The HAP application programming interface (API)

Function

Description

begin_app(nStage)

Beginning of the target pipeline application

begin_work()

Beginning of the work-item processing

end_work(stageId)

End of the work-item processing

end_app()

End of the target pipeline application

The begin_work function is used to mark the beginning of a work-item processing performed by the calling stage worker thread. The begin_work function reads the time (\(t_B\)) when the processing of the work item is about to begin. The end_work function reads the time (\(t_E\)) when the processing of the work item has ended and sends the data such as the work-item processing time (\(t_W = t_E - t_B\)) and the stage ID of the calling thread to the HAP runtime system through IPC. Finally, the end_app function is used to notify the end of the target pipeline application.

The current implementation of the HAP API builds upon the Application Heartbeats framework [6], which provides a well-established interface to communicate messages called heartbeats between processes. We extend the Application Heartbeats framework to encode and communicate pipeline-specific information such as the stage ID and work-item processing time (\(t_W\)).
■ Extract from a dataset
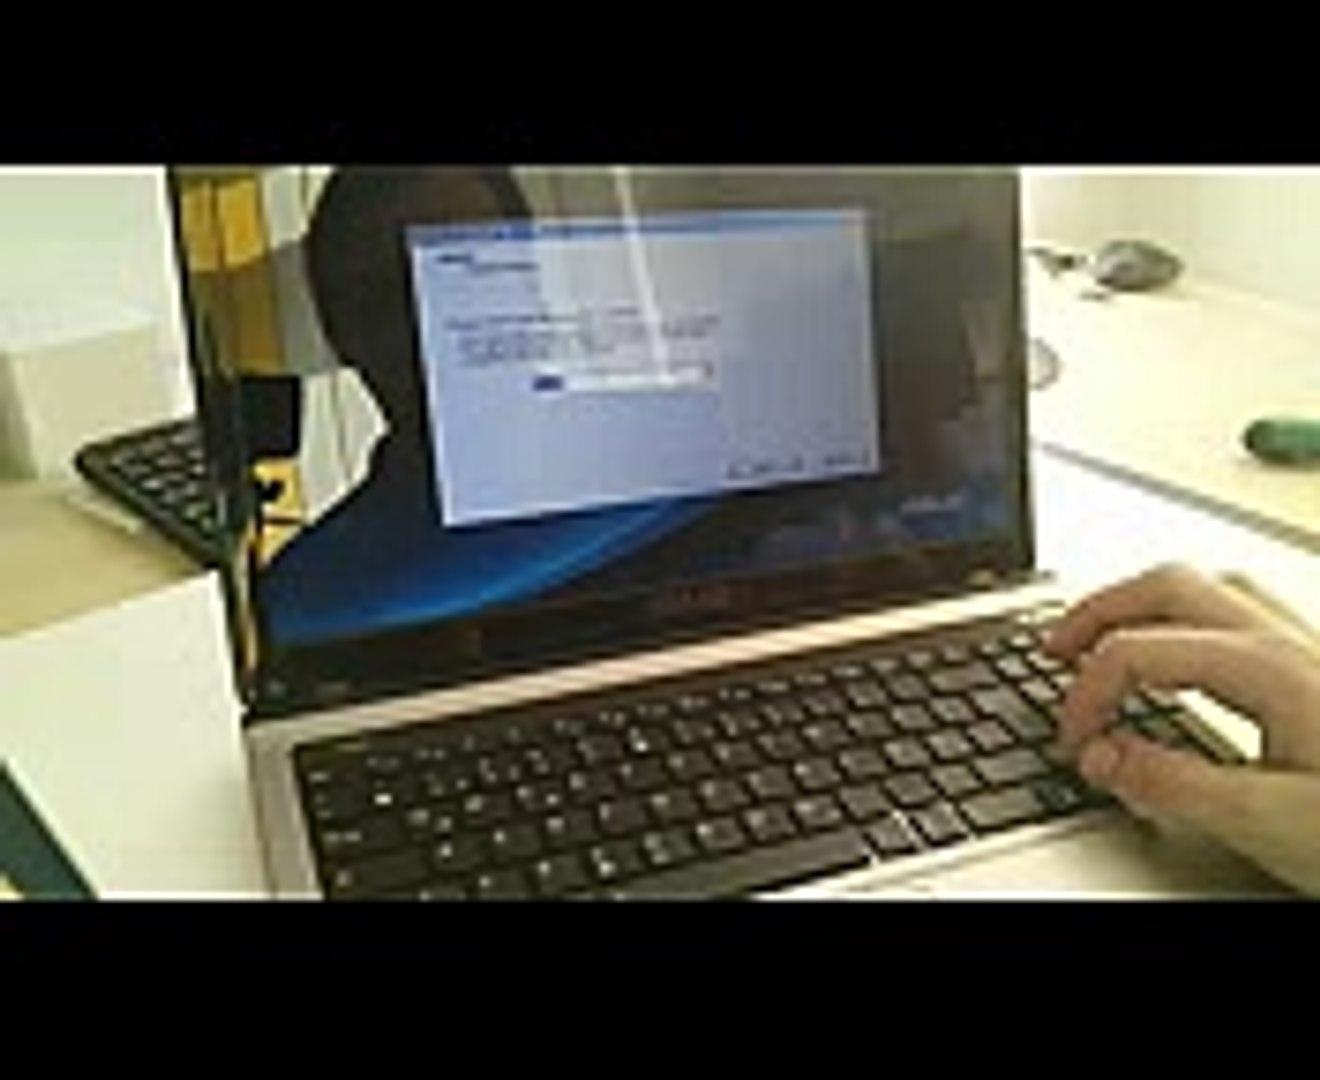 Asus Notebook Recovery  Wiederherstellung  Neuinstallation Auslieferzustand F9 (z.B.A53S K53S x53S

3.2 The HAP Runtime System

The HAP runtime system manages the full system resources to significantly enhance the energy efficiency of the target pipeline application. The system resources managed by the HAP runtime system are the core types, counts, and the voltage/frequency levels of each cluster. The HAP runtime system divides the system resources into two groups – the ones allocated to the limiter stage of the target pipeline application and the others allocated to the non-limiter stages. We define the system state space as all the possible combinations of the system resources that can be allocated to the limiter stage. Figure 1 shows the overall architecture of the HAP runtime system, which consists of three components – the performance estimator, power estimator, and runtime manager.
Fig. 1.

The overall architecture of the HAP runtime system

Performance Estimator: For a system state of interest, the performance estimator of HAP estimates the performance of the target pipeline application. The performance estimator assumes that each of the stage worker threads of the target pipeline application is assigned with its dedicated core. The performance estimator employs a linear model that assumes that the performance of each worker thread of the limiter stage is proportional to the computation capacity of its allocated core. If the performance ratio of the big core to the little core is \(r_0\) at the frequency of \(f_0\), the computation capacities of the big and little cores running at the frequencies of \(f_B\) and \(f_L\) are \(r_0 \cdot \frac{f_B}{f_0}\) and \(\frac{f_L}{f_0}\). The performance ratio (\(r_0\)) can be either statically determined based on the architectural characteristics (e.g., instruction issue width) of heterogeneous cores or dynamically determined based on the runtime information collected during the execution of the target pipeline application. As discussed later, \(r_0\) is dynamically computed based on the runtime information encoded in the heartbeats.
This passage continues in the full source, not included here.